__WORK REQUEST__
Return each entry word for word. Leave the images out.

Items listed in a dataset
● ● ● ● ●

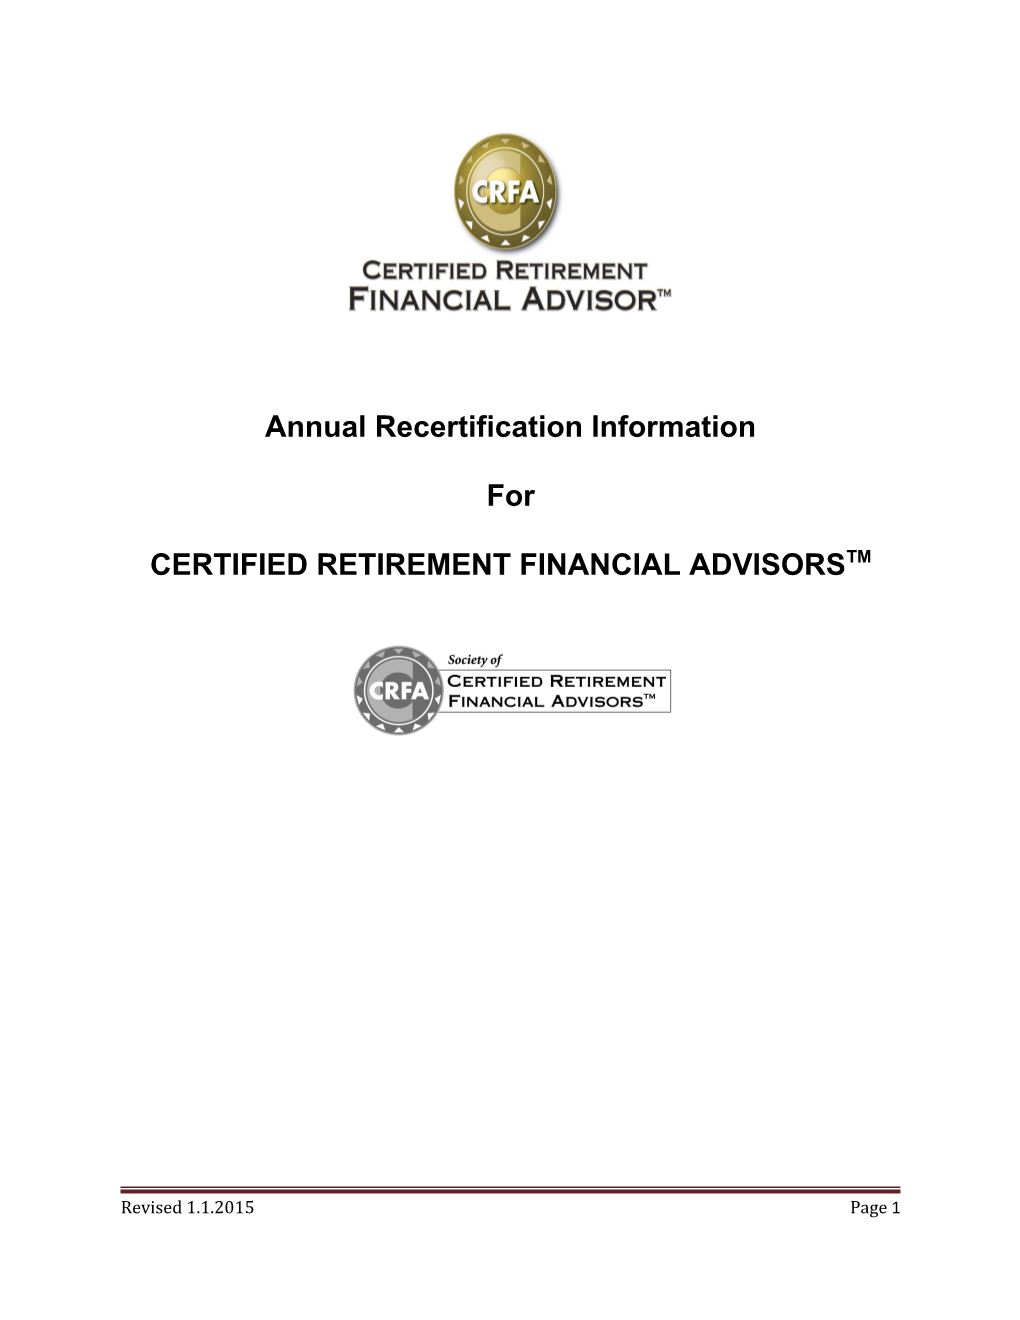 Certified Retirement Financial Advisorstm
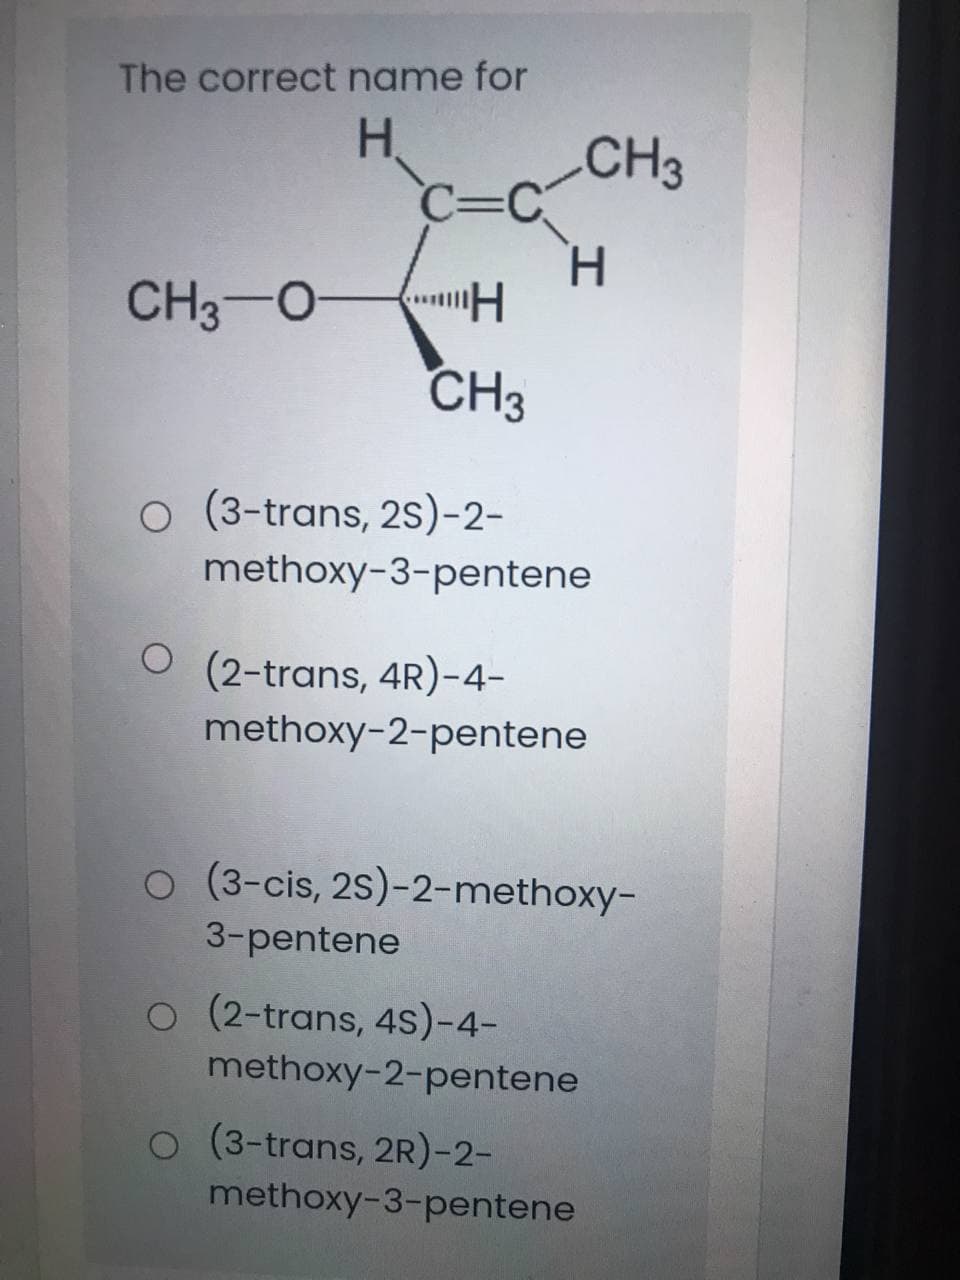 The correct name for
H.
CH3
C=
c3C
H.
CH3-O
CH3
O (3-trans, 2s)-2-
methoxy-3-pentene
O (2-trans, 4R)-4-
methoxy-2-pentene
o (3-cis, 2S)-2-methoxy-
3-pentene
O (2-trans, 4S)-4-
methoxy-2-pentene
O (3-trans, 2R)-2-
methoxy-3-pentene
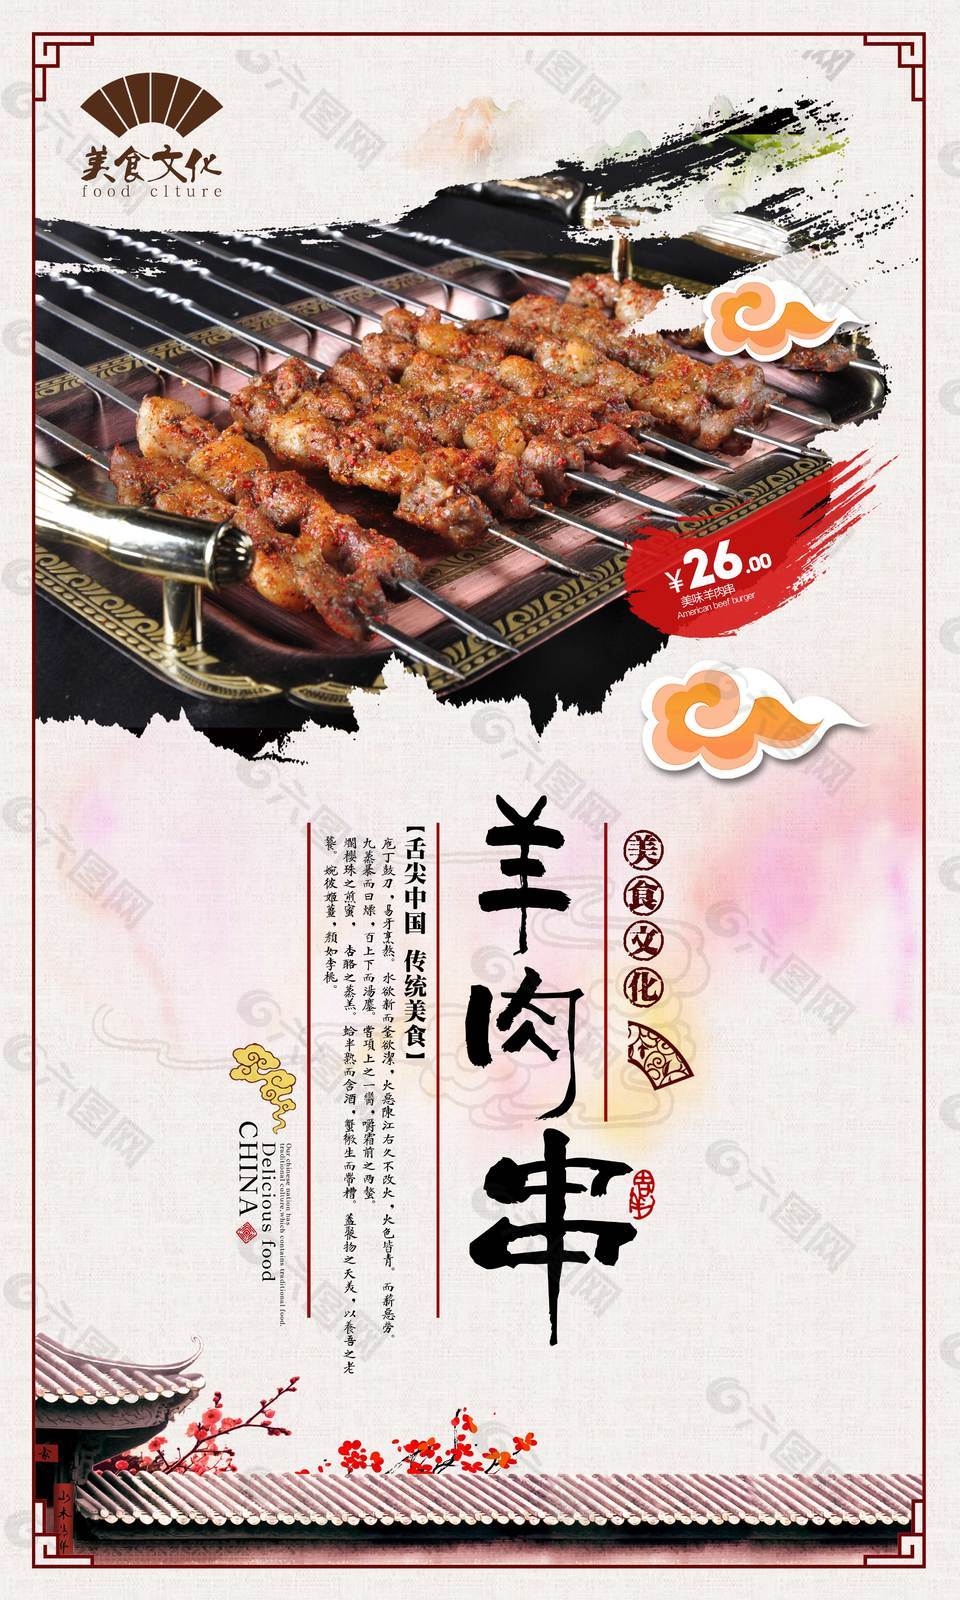 特色羊肉串美食海报平面广告素材免费下载(图片编号:7708747)
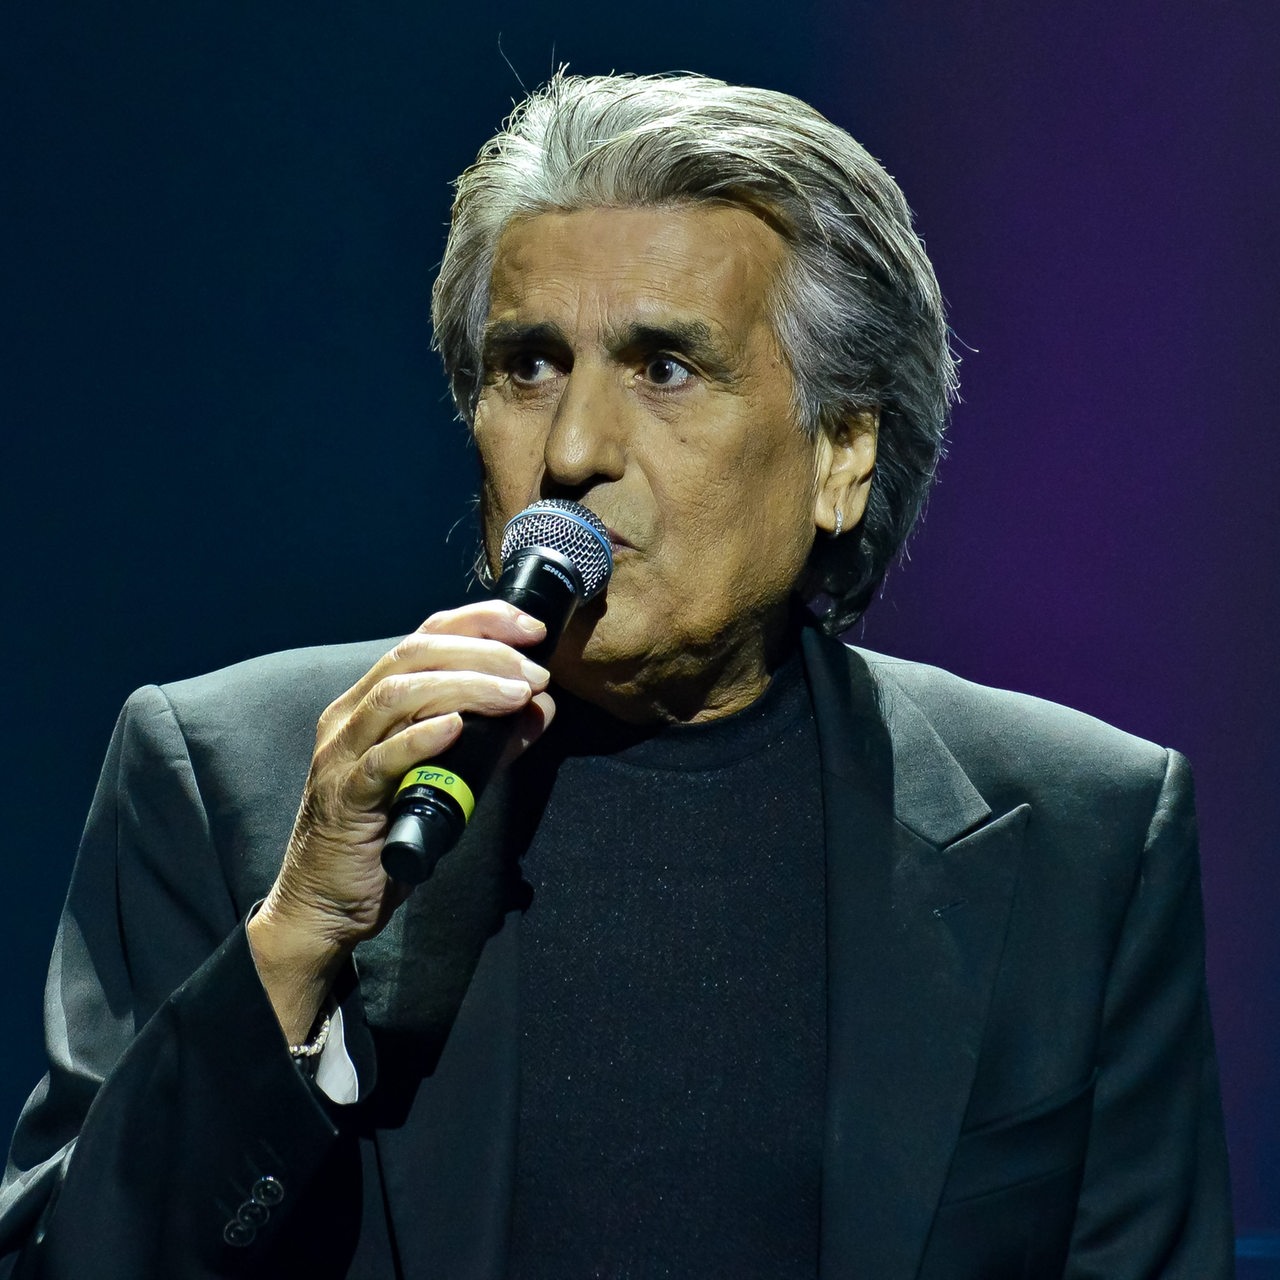 Porträt des italienischen Sängers Toto Cutugno mit Mikrofon auf der Bühne
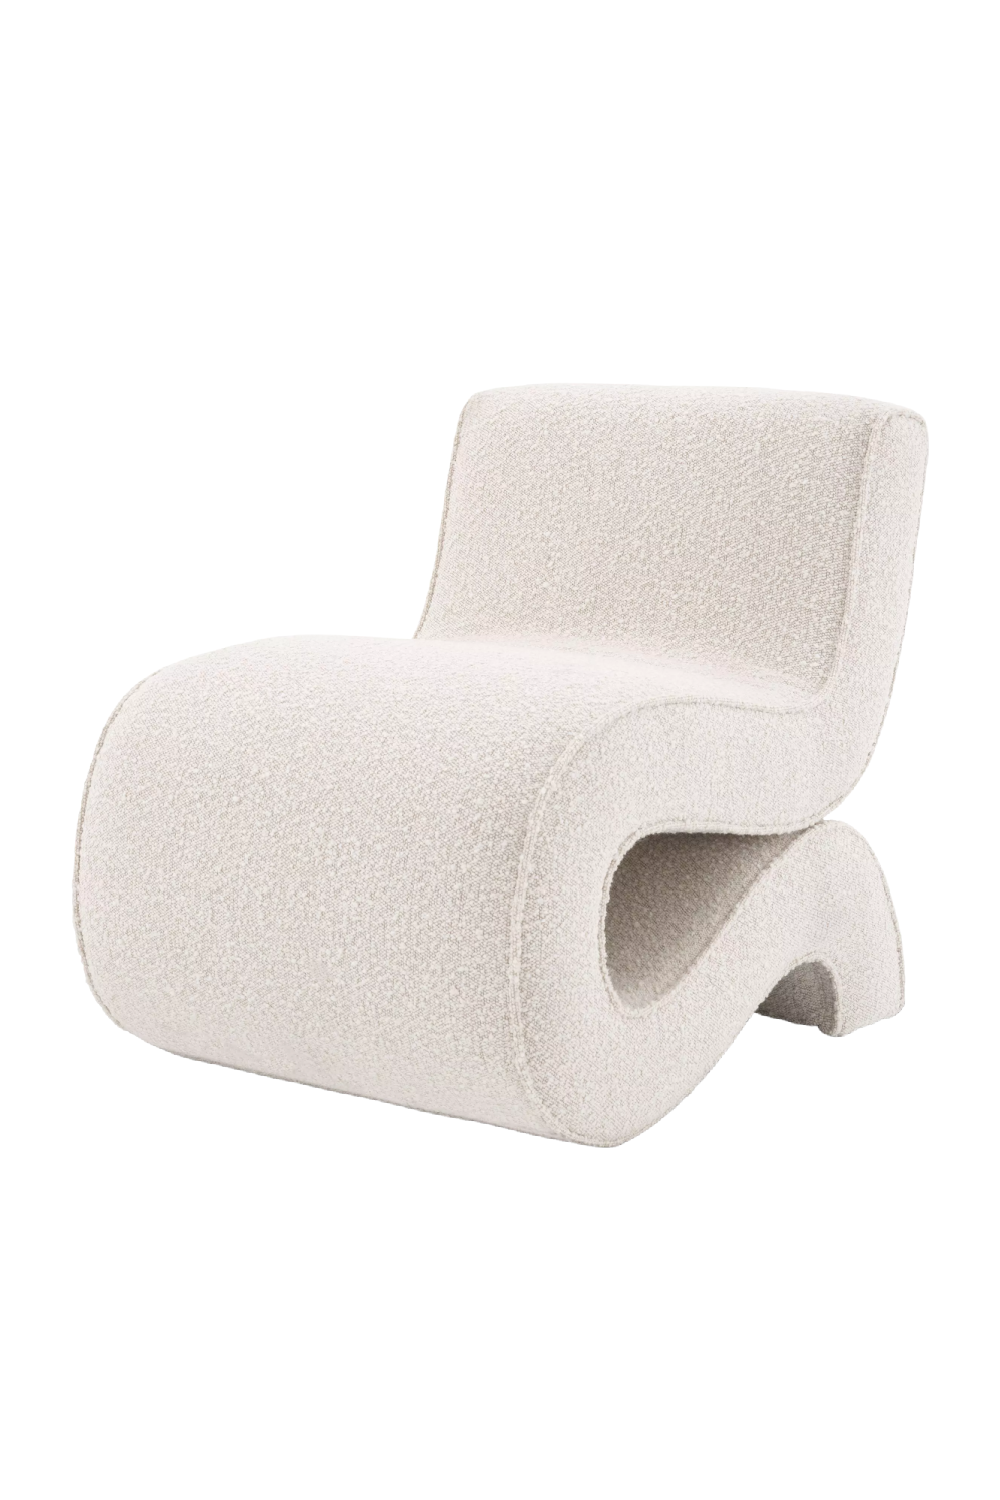 Free-Flowing Bouclé Accent Chair | Eichholtz Bond | Oroa.com

● ● ● ● ●

__SOLVED PROBLEM__
 Certified Retirement Financial Advisorstm
 The correct name for
H.
CH3
C=
c3C
H.
CH3-O
CH3
O (3-trans, 2s)-2-
methoxy-3-pentene
O (2-trans, 4R)-4-
methoxy-2-pentene
o (3-cis, 2S)-2-methoxy-
3-pentene
O (2-trans, 4S)-4-
methoxy-2-pentene
O (3-trans, 2R)-2-
methoxy-3-pentene
 特色羊肉串美食海报平面广告素材免费下载(图片编号:7708747)
 Porträt des italienischen Sängers Toto Cutugno mit Mikrofon auf der Bühne
 Free-Flowing Bouclé Accent Chair | Eichholtz Bond | Oroa.com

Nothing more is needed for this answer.